Karena ingin menguasai ilmu, saya mulai belajar yoga dalam usia 16 tahun,
masih remaja. Ini dimulai tahun 1964, yakni ketika saya masih duduk di kelas II
SMA di Manado, Sulawesi Utara, tepatnya di sebuah Klenteng besar di kota
Manado.
Dari keluarga Budha
Saya terlahir dari keluarga Budha. Saya lahir di kota Siau, Sangir Talaud,
Sulawesi Utara, tanggal 06 Agustus 1948. Ayah bernama Ngo Gian Tiet, Ibu
bernama Suantje Tatimu. Saya sendiri adalah anak ke-5 dari enam bersaudara.
Kami semua dilahirkan dari keluarga Budha. Tetapi lama-lama kakak-kakak dan
adik saya masuk Kristen, yaitu Kristen Pantekosta kecuali saya, tetap Budha,
tentu saja bersama ke dua orang tua saya.
Meskipun saya bukan Kristen, mungkin saya lebih dahulu tahu, bahwa dewanya
orang Kristen itu bernama Yesus. Soalnya saya juga mempunyai Alkitab, sebuah
buku yang menulis lengkap tentang Yesus.
Dewi Kwan Im
Dewi Kwan Im lah tuhan saya. Dalam buku-buku silat yang saya baca, Dewi
Kwan Im sangat di junjung tinggi. Saya menyembah Dewi Kwan Im sejak mulai
belajar Yoga, yaitu usia 16 tahun. Dalam melakukan Yoga, ada satu hal yang
sedikit menyiksa saya, yaitu selalu mengasingkan diri dari kesenangan para
remaja seusia saya. Saya belajar Yoga pada guru terkenal. Yoga itu mengandung
magic. Jadi dengan beryoga, artinya saya sudah berada di arena magic. Saya
tidak pernah menyadari itu sebelumnya. Setelah ilmu yoga telah saya kuasai,
akhirnya saya sendiri mempunyai murid 40 – 50 orang.
Mendalami ilmu
Setelah menguasai yoga, dan kemudian menjadi guru yoga, tahun 1973, dari
Budha saya pindah agama To (Tao). To itu adalah satu dari Sam Kau atau Try
Dharma.
Yang dimaksud dengan Sam Kau atau Try Dharma, yaitu tiga agama yang masih
dalam satu aliran, masing-masing adalah : Agama Budha, Kong Hu Cu dan To.

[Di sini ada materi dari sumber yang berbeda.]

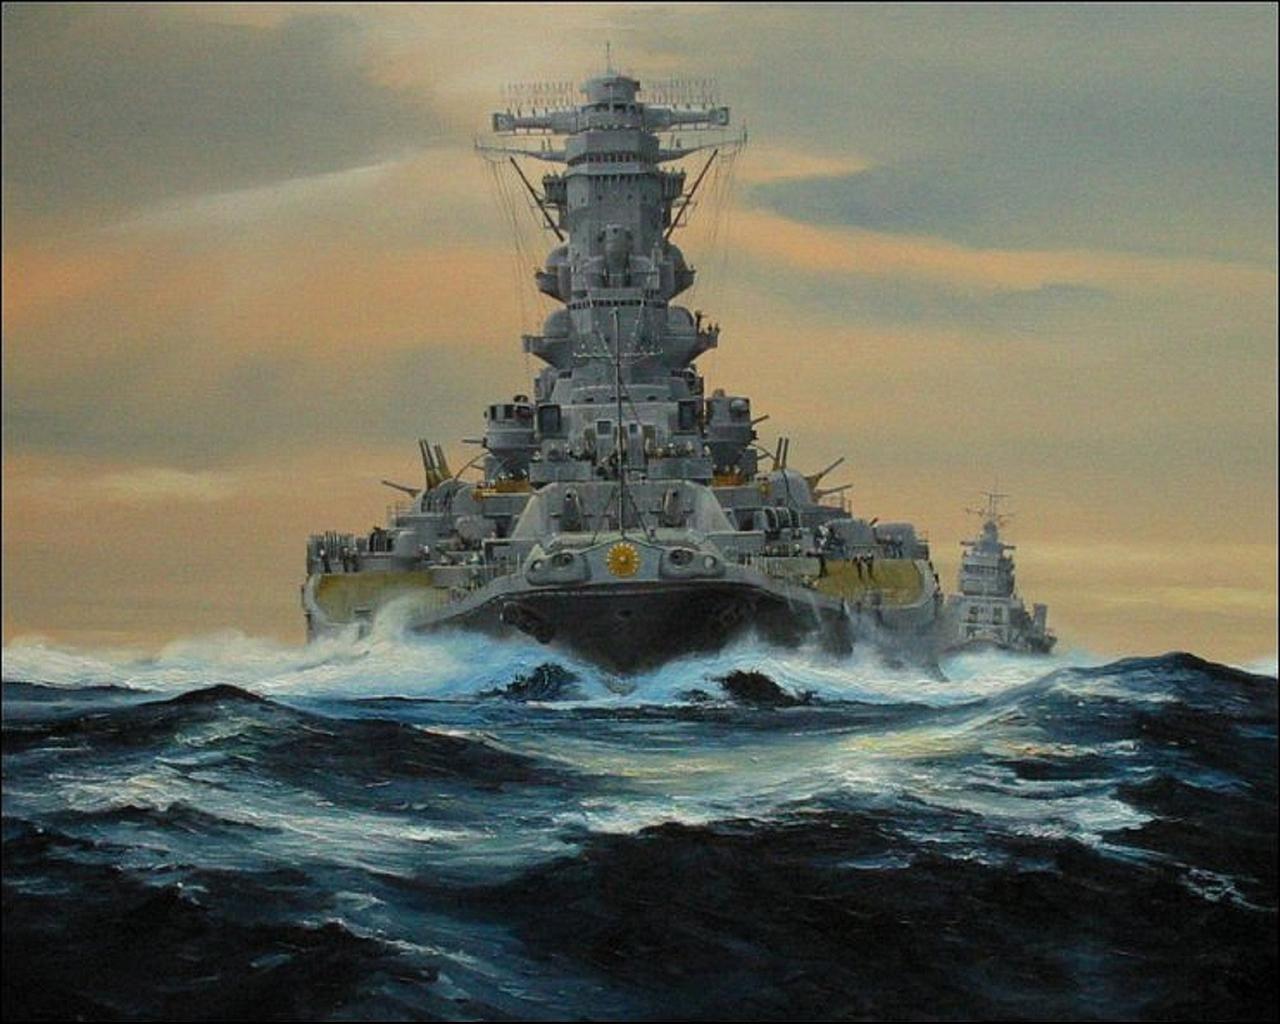 Battleship Yamato Wallpaper. World of warships wallpaper, Battleship, Yamato battleship

Untuk lebih jelas, Sam Kau ini dapat dirinci sebagai berikut.
Budha, agama yang mengajarkan tentang cinta kasih, seperti mengasihi
sesama, musuh, binatang termasuk semut.
Kong Hu Cu, merupakan agama yang mengajarkan tentang moral, etika, tata
krama dan kedisiplinan.
To, adalah agama yang mengajarkan tentang power, kehebatan atau mujizat,
ilmu-ilmu sakti, termasuk magic, gaib dll.
Kalau seseorang beragama Kong Hu Cu, pasti dia tahu tentang Budha dan
sebaliknya. Penganut agama To, juga tahu tentang Budha dan Kong Hu Cu. Tapi
Budha dan Kong Hu Cu tidak akan pernah tahu tentang To, kalau mereka tidak
mengkhususkan diri untuk mempelajarinya.
Dalam usia 16 saya sudah masuk agama To, dengan tujuan untuk menguasai
ilmu-ilmu diatas. Dalam agama To ini, mau tidak mau kita harus melibatkan diri
dalam dunia roh, dan itu sudah saya lakukan sejak tahun 1973.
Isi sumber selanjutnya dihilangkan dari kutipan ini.